I shoot a lot of events and sports (mostly indoor) and prefer to use two bodies -- one with a short zoom and one with a long zoom. For a while, I used the 7D as the second body to the 5D3 and it was frustrating. I wanted every image to be as sharp and as clean as possible. When I switched from a long zoom situation to a short zoom situation, I found that I was swapping lenses between the two bodies. It would have been easier to shoot with a single body.

The 5D3 AF system is extremely good, every bit as good as the 7D. I don't miss the extra 2 FPS of the 7D. However, I do have to be more selective when I burst in RAW because the 5D3 buffer fills up faster. Still, this hasn't been a problem. In low light, I have found tracking sometimes loses focus when the subject lacks contrast. But, playing with the Case settings has resolved much of this.

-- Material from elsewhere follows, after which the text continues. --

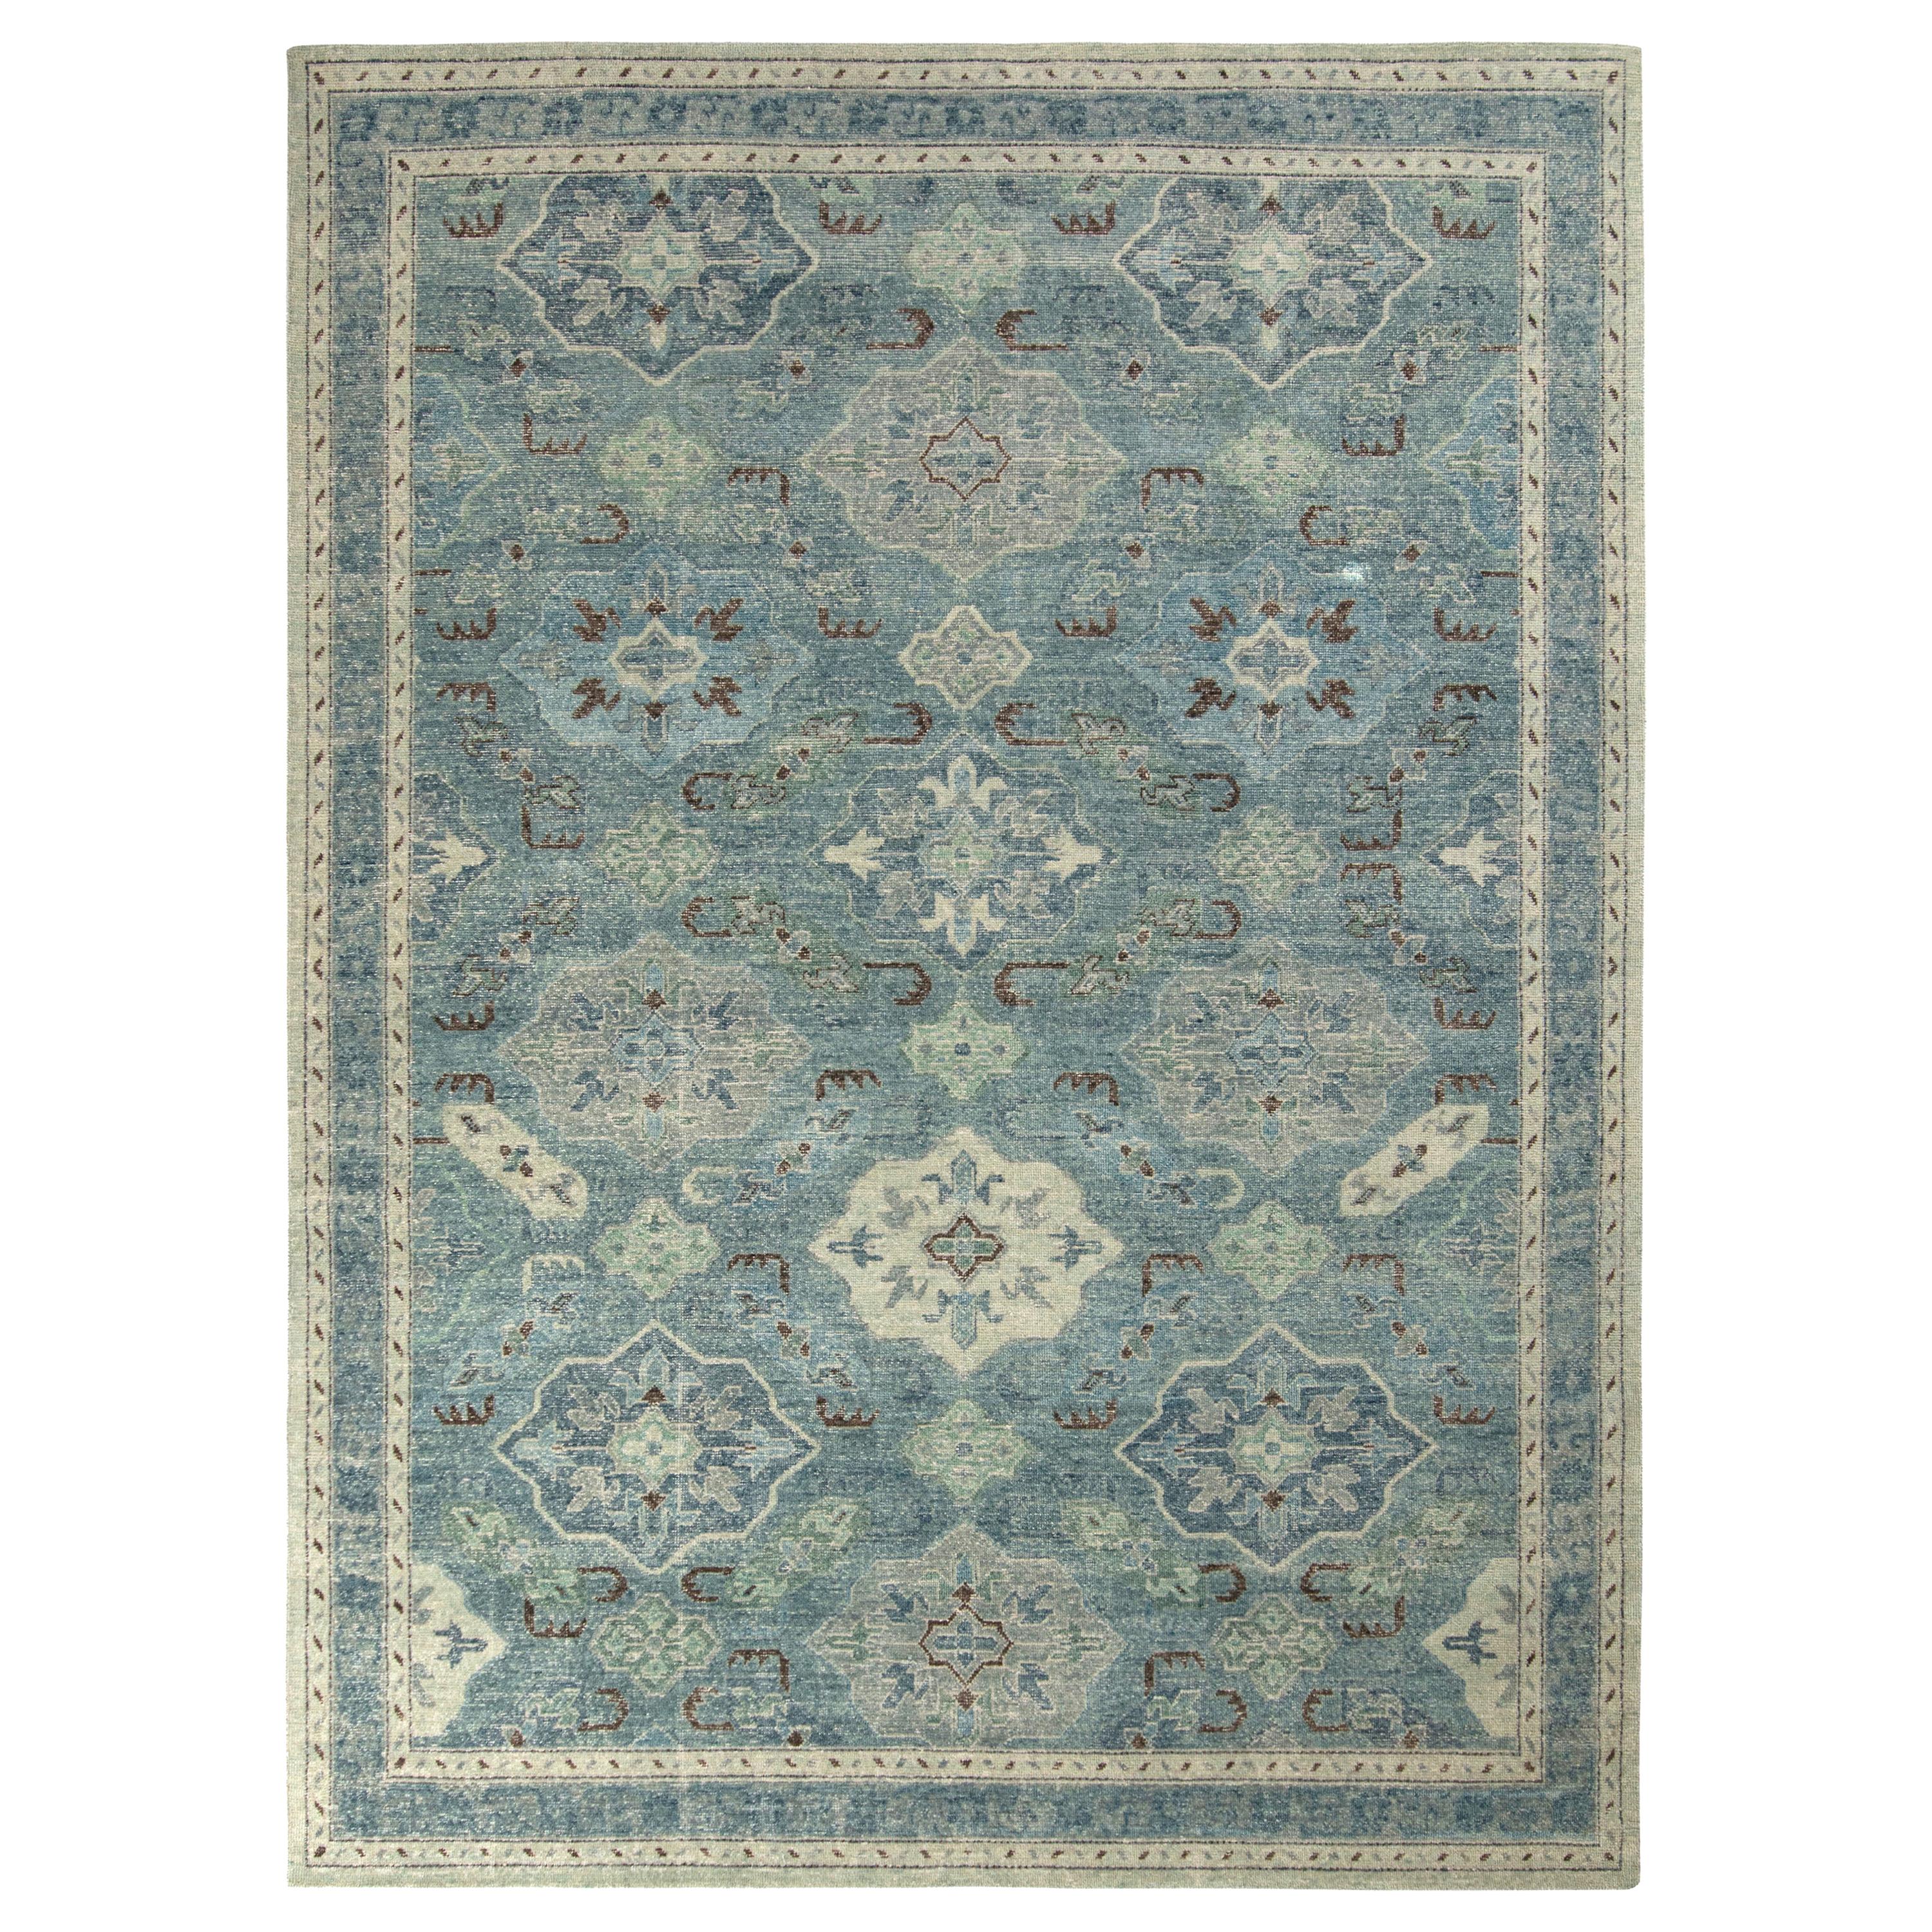 Teppich & Kilims Distressed im klassischen Stil in Blau und Grau mit geometrischem Muster
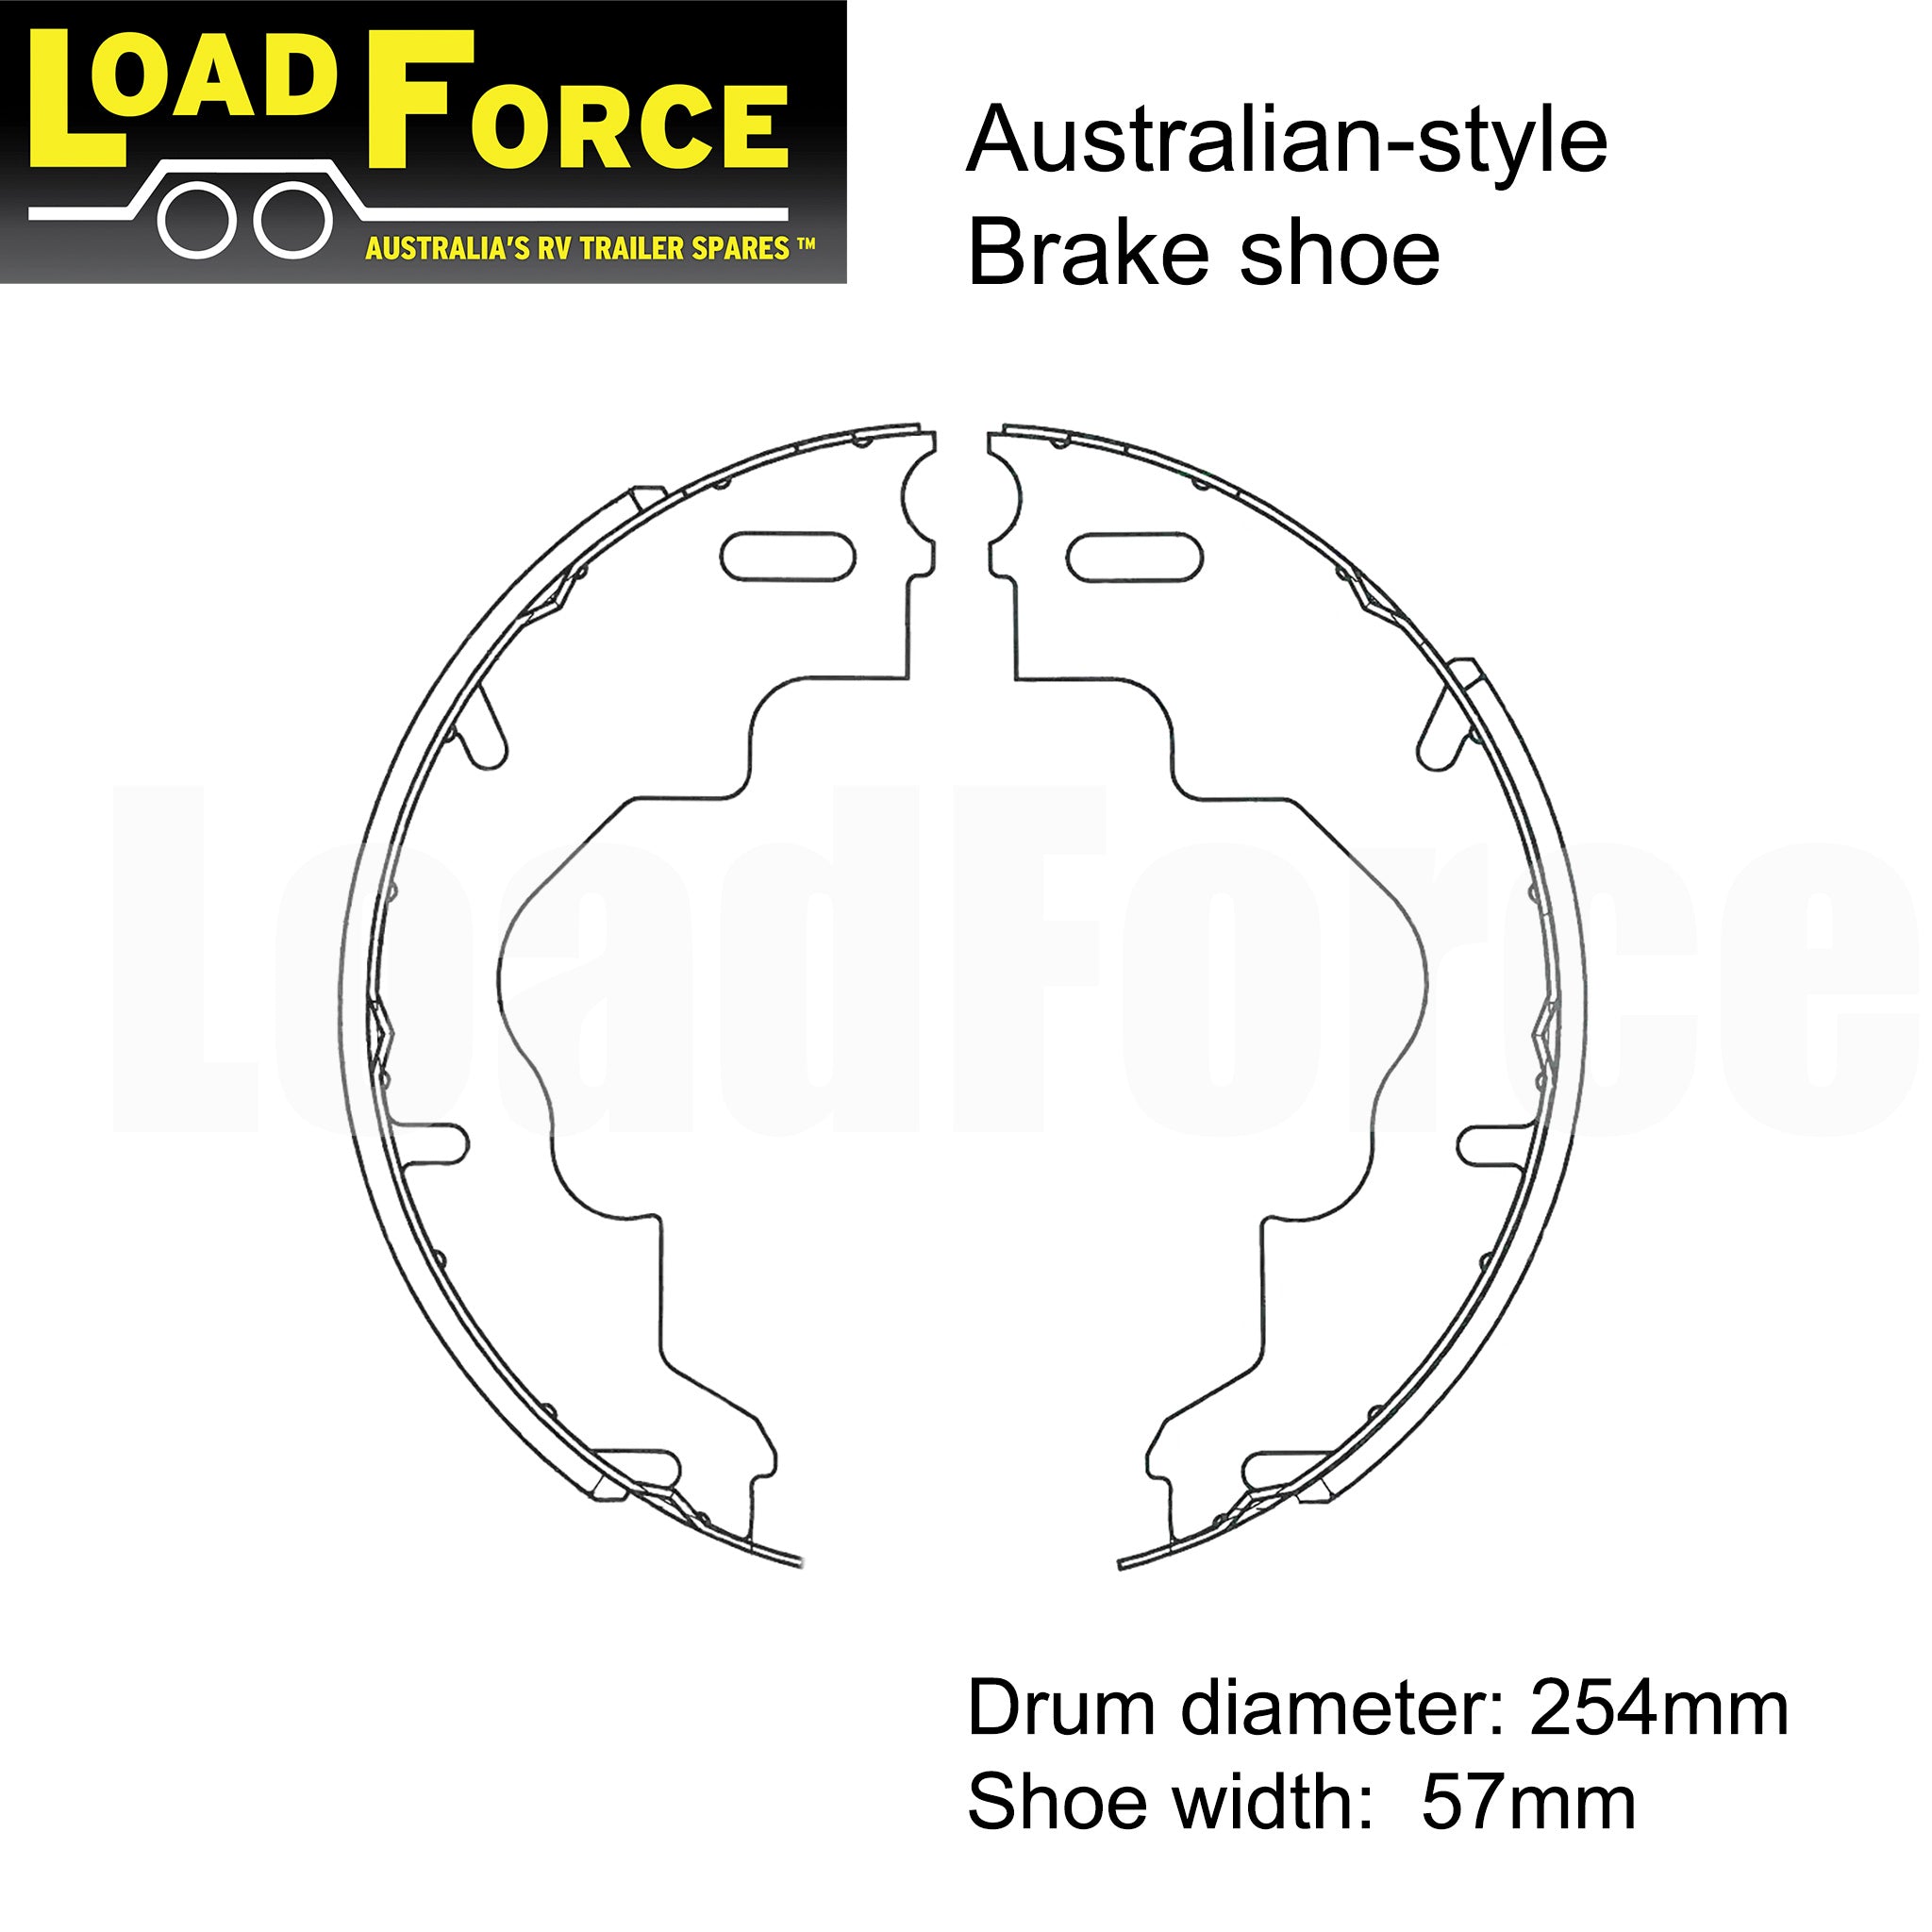 LoadForce 10 x 2.25 inch standard Australian electric brake shoe set of 4

I'm in a situation where I occasionally challenge the limits of the 5D3 with low light sports -- such as with figure skating. 6 fps (and 8 fps of the 7D) is too slow to rely on. Skaters can rotate 180 degrees between frames. I have to rely on timing, instead. I've been tempted by the 7D2 with hopes that it will track better and the 10 fps may increase the odds of capturing a mid-jump shot with the skater looking in my direction. But, I can't go back to crop for these low light situations. The 7D2 might give me a few extra shots that I'm missing with the 5D3, but every shot will lose the extra pop that I get with the 5D3. My keeper rate with the 5D3 is quite high and I'm not willing to drop down in IQ for the sake of a few extra images.

I understand that the 5D3 still has at least a stop advantage over the 7D2 in noise. I live between ISO 3200 and 6400, so that extra stop is important to me. If you most often shoot below 3200, noise may not be a factor.

For action with more light, perhaps the 7D2 will do fine. It's worth noting that an f2.8 lens on crop has the DOF of an f4.4 lens on FF. So, crop does benefit from this extra wiggle room when tracking moving subjects. It can be off just a tad and subjects will still appear in focus. If the FF body loses focus slightly while tracking, it may be more noticeable. However, when it locks on, the FF body will still have more pop with the smaller DOF and the sharper images.

I must stress that the 5D3 has a fantastic AF system and is an underrated sports body. Personally, I'm in a position to up my game and seriously considered the 7D2 for its advantages with AF tracking and 10 FPS. But, for the reasons stated above, I'd rather stick with full frame. I've decided that the only path up for me is a 1Dx (which is on order, thanks to dropping prices).


----------